Amid Protests, Maryland Sheriff Accused of anti-Semitism Gets the Boot

Graphic by Angelie Zaslavsky
— A county sheriff in Maryland accused of making racist and anti-Semitic comments is stepping down after weeks of intense pressure to quit.
James Fitzgerald, a Democrat who is in his third term as the elected sheriff in Howard County, a mixed rural-suburban county straddling Baltimore and the Maryland suburbs of Washington, D.C., will step down on Saturday, The Washington Post reported.
The resignation announcement Thursday in a news release from the county council came just moments after Maryland Gov.
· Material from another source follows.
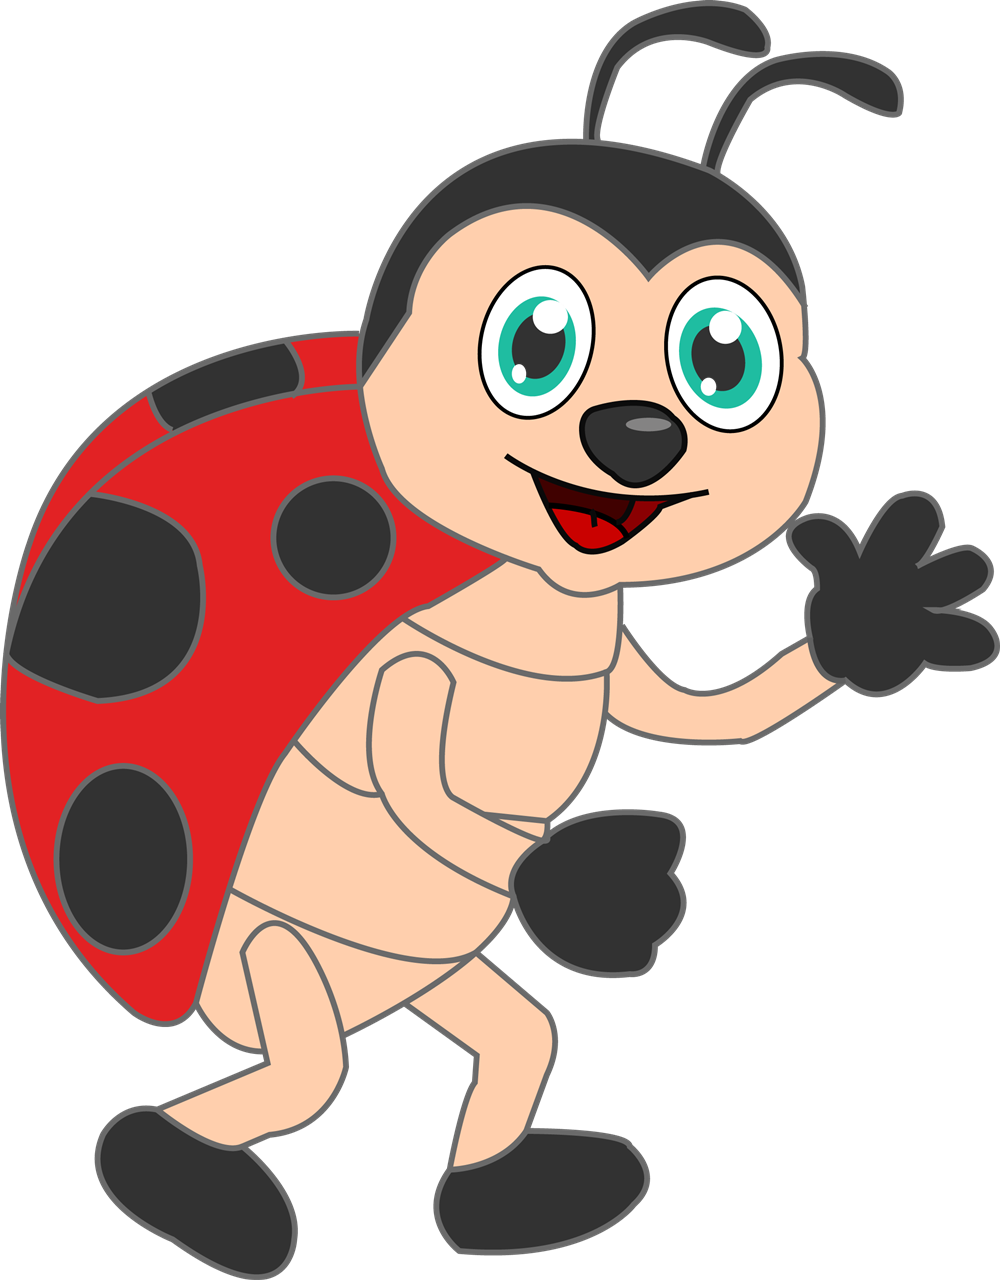 Ladybug free to use cliparts

Larry Hogan, a Republican, said Fitzgerald should resign.
Public protests also have called on Fitzgerald to leave and the county’s elected leaders have threatened impeachment, according to the Post.
The county’s Office of Human Rights had compiled a report alleging that Fitzgerald had frequently used the N-word to disparage blacks, referred derisively to women’s bodies and called a former county executive, Ken Ulman, “little Kenny Jew-boy,” the Post reported. The county executive is equivalent to a mayor.
At a Sept. 29 news conference, Fitzgerald referred to the report as “humbling, hurtful and disappointing to all involved,” but did not confirm that he had used the offensive language.